A Chameleonic Career

By Tom GallagherMay 22, 2018

A Chameleonic Career

California Comeback by Narda Zacchino

CONSPICUOUSLY ABSENT FROM his party’s recent San Diego convention was the state’s top Democrat, the longest serving governor in its history, a man touted nationally as the de facto leader of the opposition to the Trump administration. Why was Jerry Brown not there for his own party’s party? Well, as the Los Angeles Times noted, at a previous convention he had “faced protests and heckling from critics who did not agree with his stance on fracking” (he doesn’t oppose it).

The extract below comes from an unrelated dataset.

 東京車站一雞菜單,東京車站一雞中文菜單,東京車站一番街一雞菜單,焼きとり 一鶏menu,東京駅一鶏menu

And, if you witnessed the 2017 convention razzing of even nominal single-payer health insurance backers whose support was deemed superficial or insincere, you knew what Brown could expect if he showed up (he doesn’t support it). After all, retiring California Nurses Association executive director Rose Ann DeMoro did tell the San Francisco Chronicle that “not convincing Jerry to do single-payer” counted as “my greatest failure” — and there was a large and vocal CNA contingent at both conventions. This issue, entirely missing from California Comeback: The Genius of Jerry Brown, Narda Zacchino’s otherwise fine review of the governor’s career, does suggest that the author goes a bit too far in her subtitle — which is not to say that the long-time Los Angeles Times and San Francisco Chronicle journalist is off base in considering Brown’s career as one characterized by seriousness and intelligence beyond the political norm.

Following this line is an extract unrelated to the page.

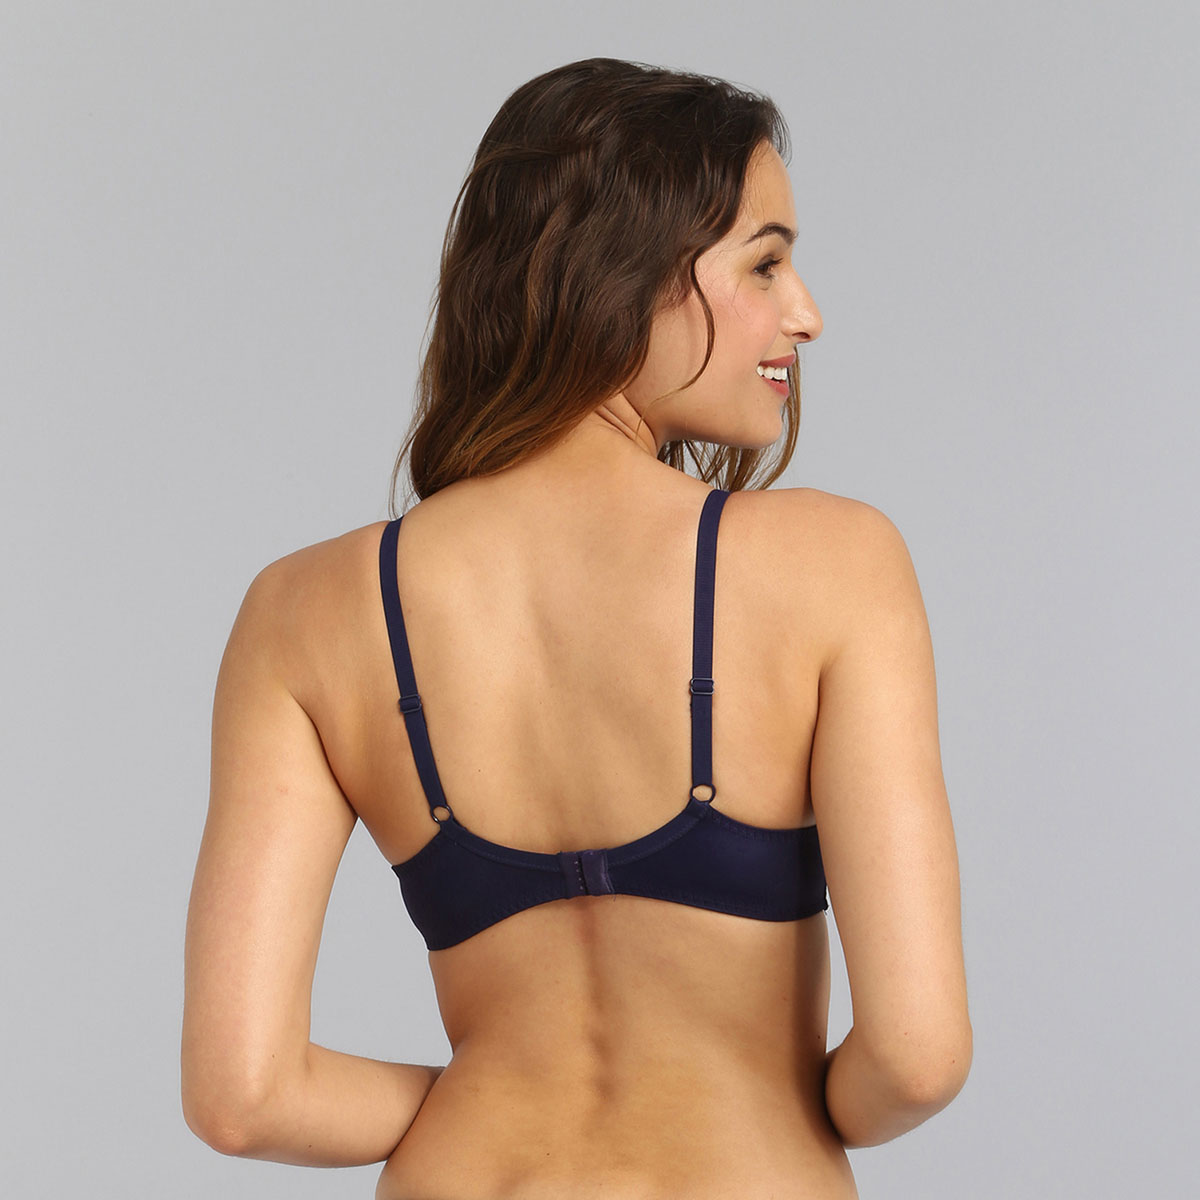 Sujetador con aros azul marino Essential Elegance Embroidery, , PLAYTEX

Calling California “a nation-size state famous for its progressive models” and “the key test case not only for the United States but also for the entire world,” where “observers will learn if a multicultural, democratic, and postindustrial society can remain united, functional, and progressive in the face of globalized, high-tech capitalism” (whew!), Zacchino is particularly impressed with the “radical moderate” Brown’s shepherding of 2012’s Proposition 30 tax increases, effectively closing a tax-cutting era that began with the 1978 passage of Proposition 13 during his first stint as governor.

Prop 13 reduced the state’s real estate taxes, previously soaring in tandem with its real estate values, to no more than one percent of assessed valuation. Its passage, coming at a time when California had a $4 billion surplus — equivalent to $14.6 billion in 2015 — was epochal. A counter measure allowing local governments to create a “split roll” — taxing owner-occupied residences at a lower rate than commercial properties — had also been placed on the ballot by the legislature, but the 20 percent cut it offered was too little, too late, and Prop 13 carried with a 65 percent majority, immediately reducing property tax collections by 52 percent, from $10.3 billion to $4.9 billion. Additionally, Zacchino writes, it set off “a flurry of initiatives, most of them constitutional amendments,” so that between “1978 and 2014, California’s state constitution was amended seventy-three times, compared with forty-seven amendments in the preceding sixty-five years,” making it “the third longest constitution in the world.” Although Brown, then finishing his first term as governor, had been a staunch opponent, he immediately declared that “the people have spoken” and, as Zacchino notes, “did a turnaround and embraced it with such fervor that a Los Angeles Times poll three weeks after the election revealed that a majority of people thought the governor had supported it all along.”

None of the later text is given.